Yes, I've been thinking about this and I came to the same conclusion as LG. I am definitely an introvert, but it is not a big deal to have a kid over playing with my kid. They really don't want to hang out with me. At most, they want some snacks.
This just doesn't sound like an introvert issue to me. Social anxiety? Just being burned out on kids period? I don't know.
This is why I stay up until all hours of the night: the silence. Ahhhhhh the silence, the aloneness, the nobody interrupting me with needs. With all due love and respect to my kids and my spouse, it's fucking fantastic to have my mind to myself after 11 p.m.
But I, too, find that my kids' friends actually alleviate the stress of being the only one my kids want throughout the day. There's way less, "Can I have a treat? Can I watch a show?" when there are friends over than when there aren't.
What you describe almost sounds like sensory overload to me. Or am I misreading?
It may well be a sensory overload. There's no question my kids get their sensory quirks from their parents.

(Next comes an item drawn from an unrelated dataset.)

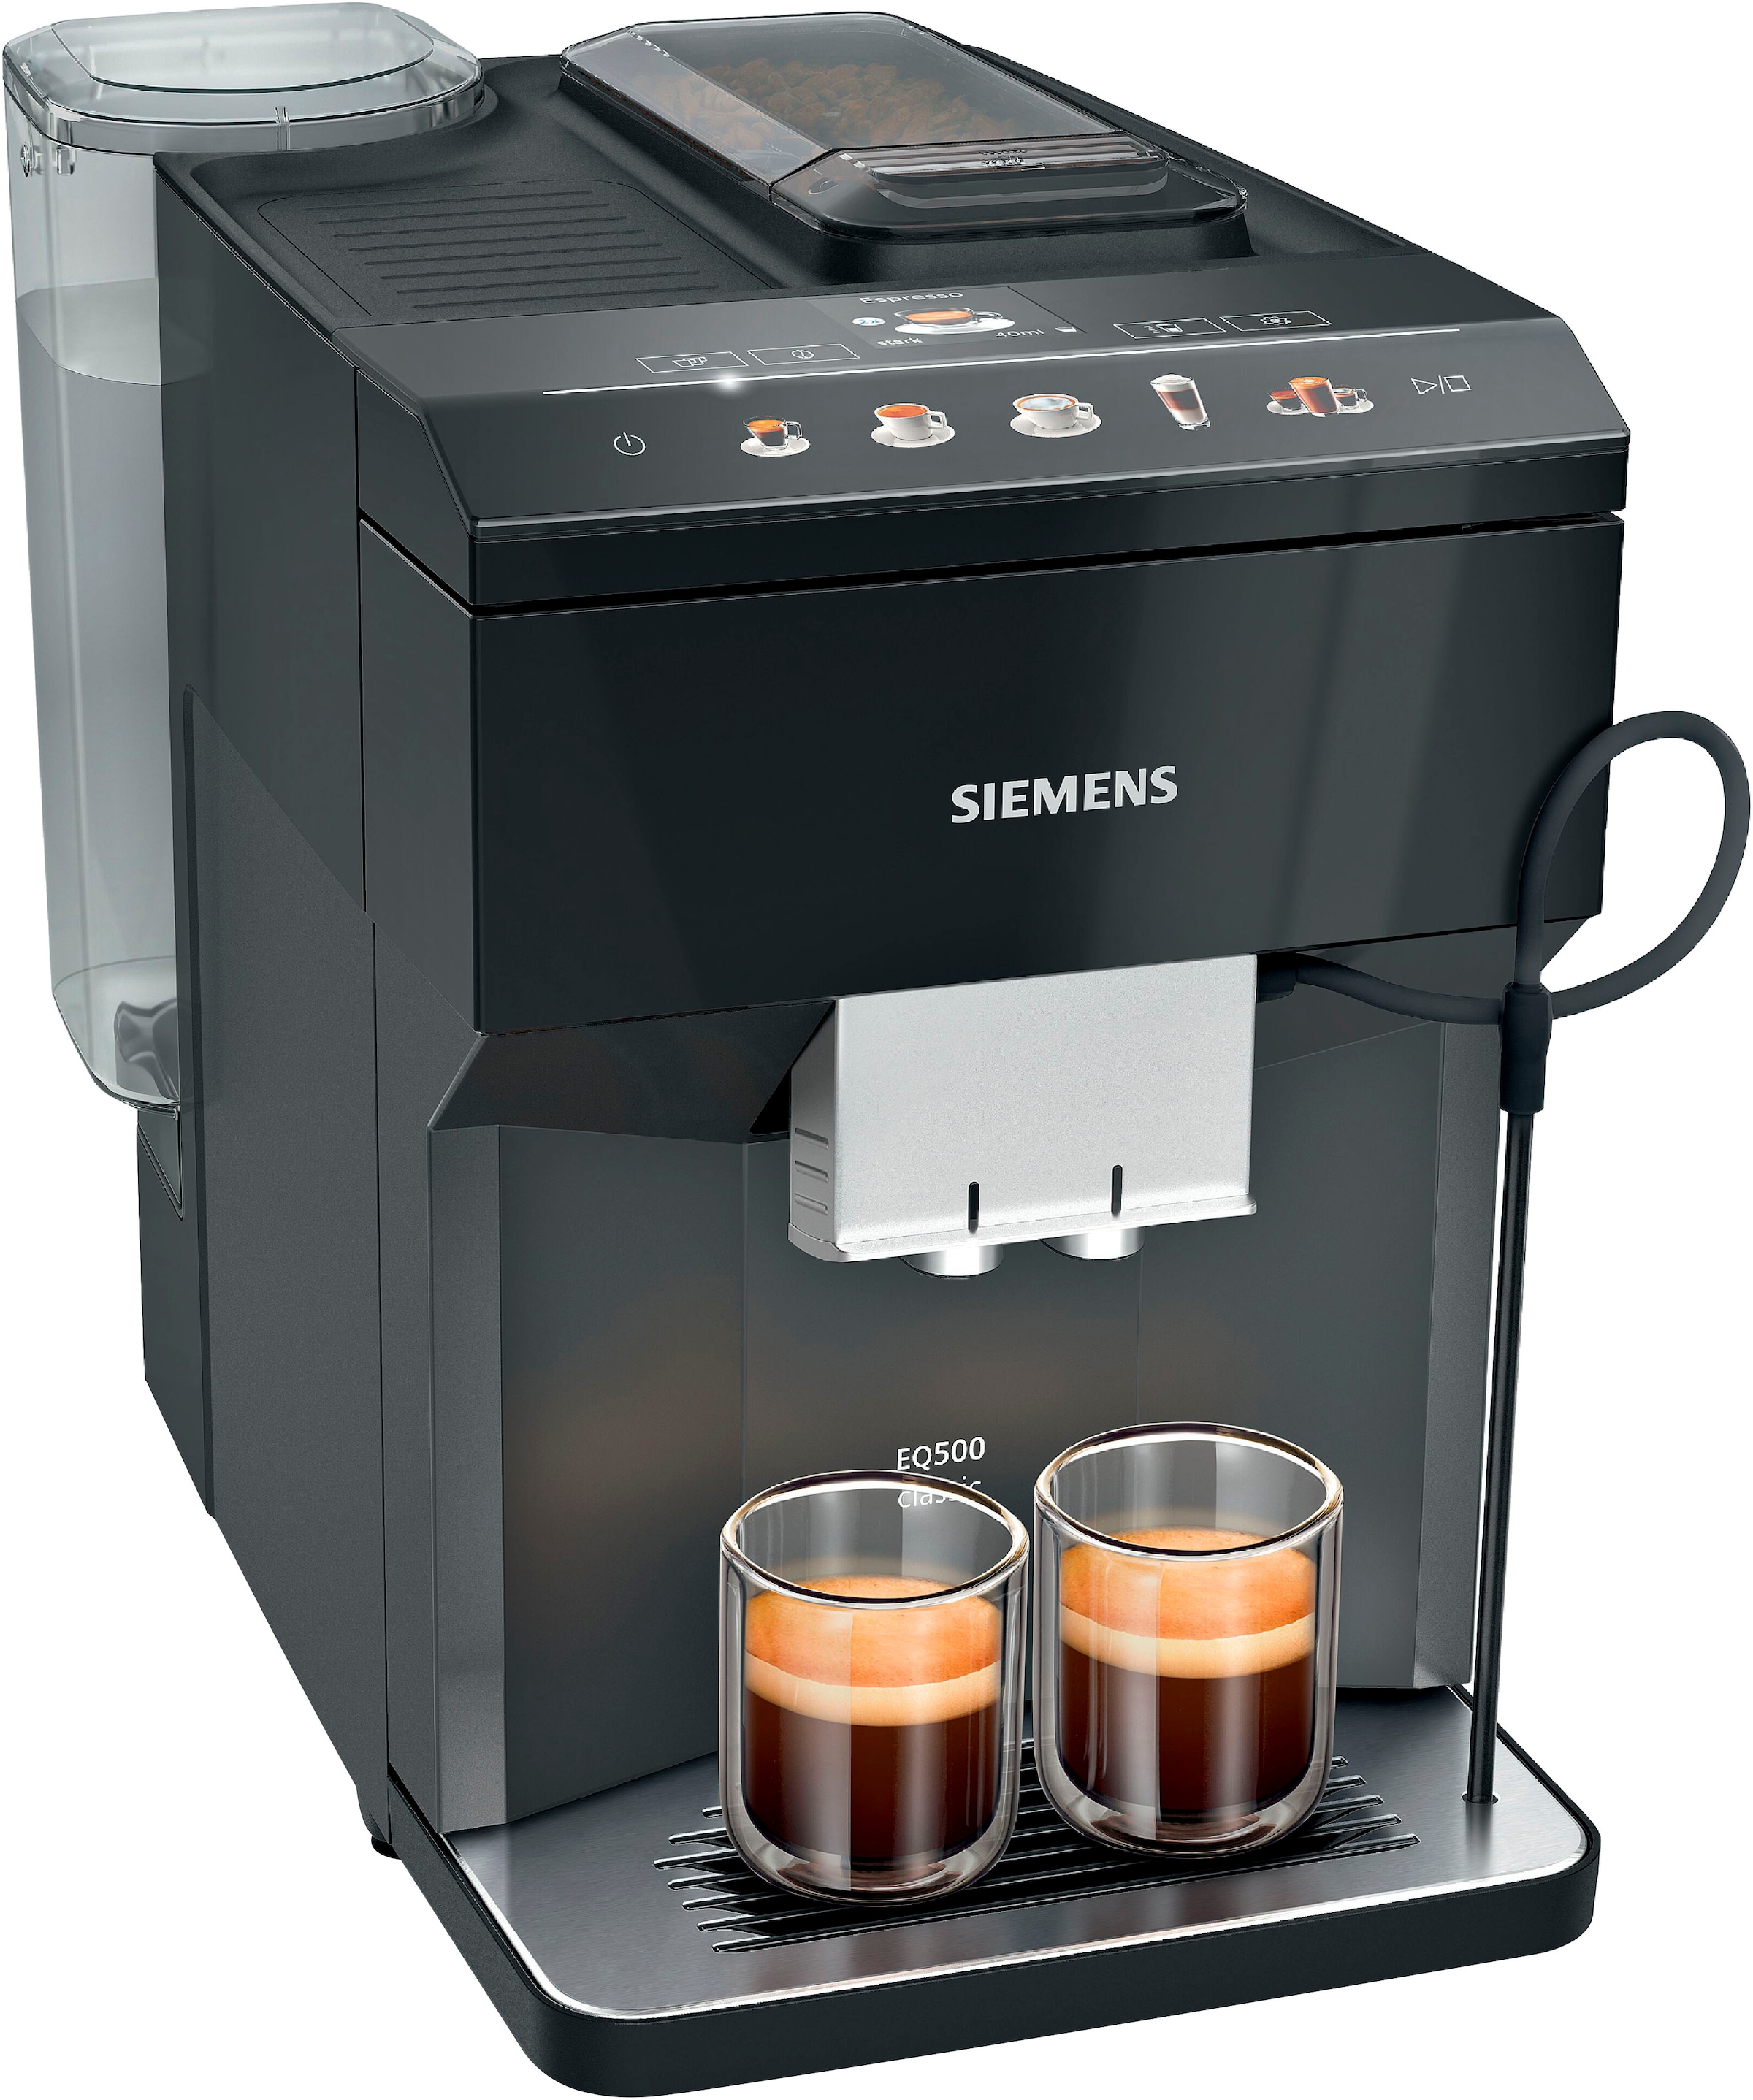 SIEMENS Kaffeevollautomat »EQ500 classic TP513D09«, viele  Spezialitäten,Doppeltassenfunktion, auto.Dampfreinigung,schwarz bestellen
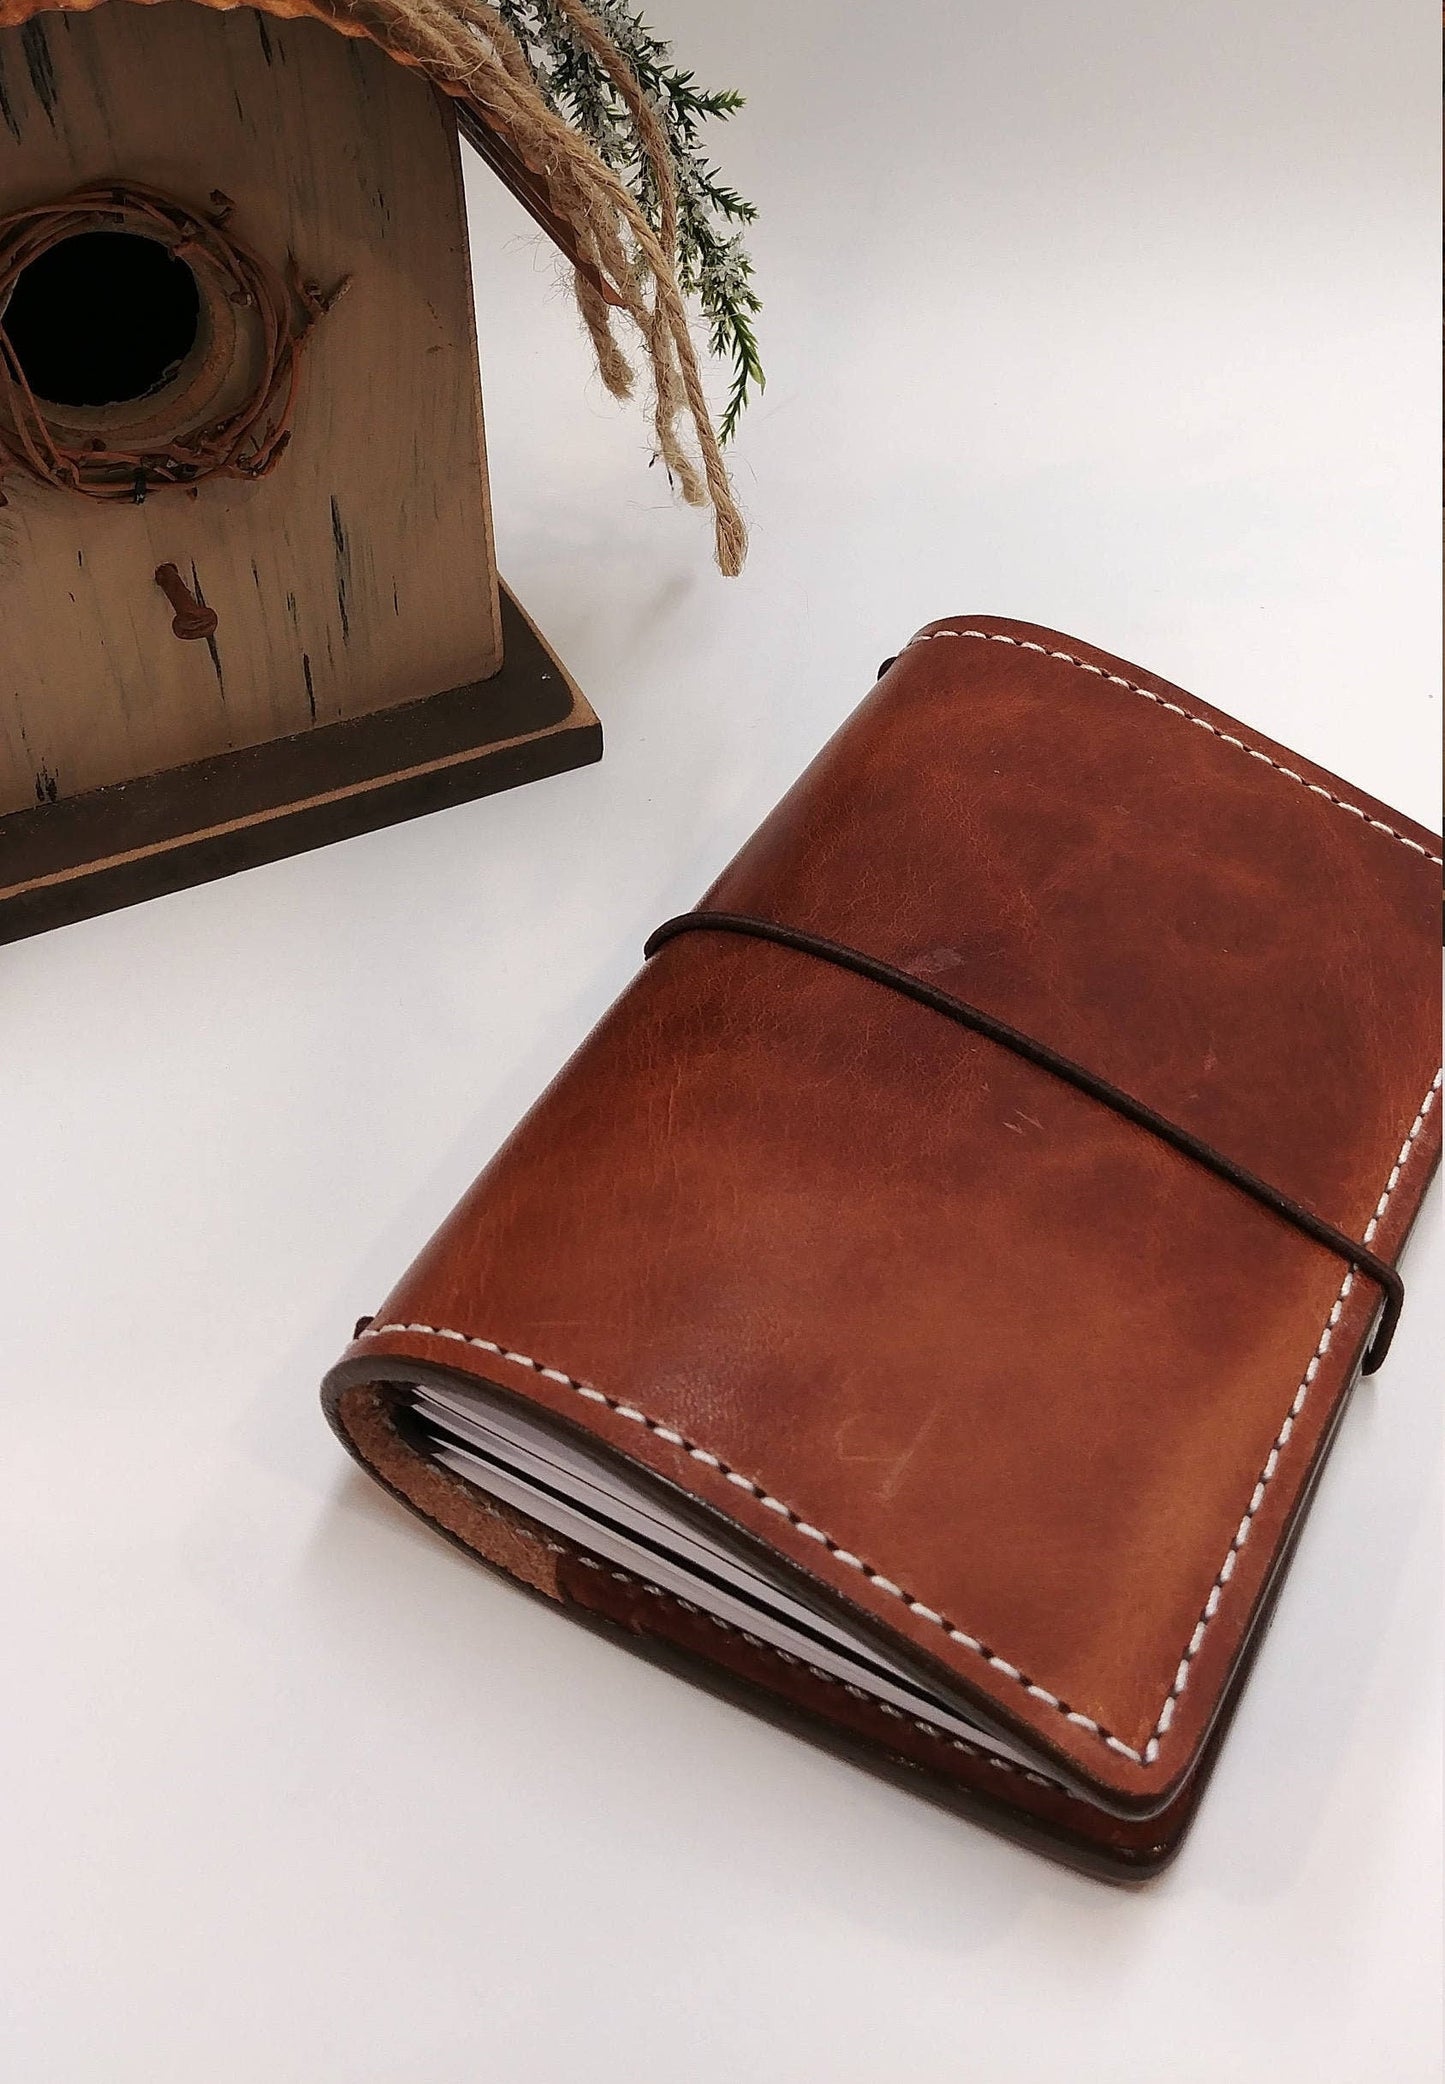 Pocket DELUXE Traveler's Notebook | Full Grain Leather Journal Cover

Reflecting on this, it is actually easier taking the kids out to some place neutral (park) than having other people in my space. It's just logistically difficult with my obligations to the family pets to manage. 1 adult vs. 3+ kids 10 and under and 2 dogs is a lot to take anywhere.
Different kids evoke different reactions for me. There are kids who are no trouble at all to have over, kids who are loud but I can tolerate, and then there are kids (one or two in particular) who I would rather eat ground glass than have over. The incessant shrieking*, the turf wars over the few electronic devices we own (the iPad, oh glorious iPad), begging to go in the pool, finding items of furniture moved or swings shortened so that they can do gymnastics, the touchy-feely need of this one kid (who weighs 50+ lbs and will pounce hug strangle you from behind) just...
Sometimes, having people in my space is hard. And I am legally obligated to put up with the children who I gave birth to or person I made vows with. I can not tolerate, most times, having my space so disrupted (see notes above) by extra people.
So re-reading and re-thinking this leads me to believe:
1) introversion is really only part of this problem, for me.
2) burn out, sensory, ocd, something else is contributing (or maybe more than one thing) Not sure how to address that.
3) it's more about specific kids than kids in general, which if I can skew things so only kids who don't damage my calm are here, might not be so bad.
* the shrieking is a girl thing, I swear to god, years of scouting has led me to come this very sexist conclusion.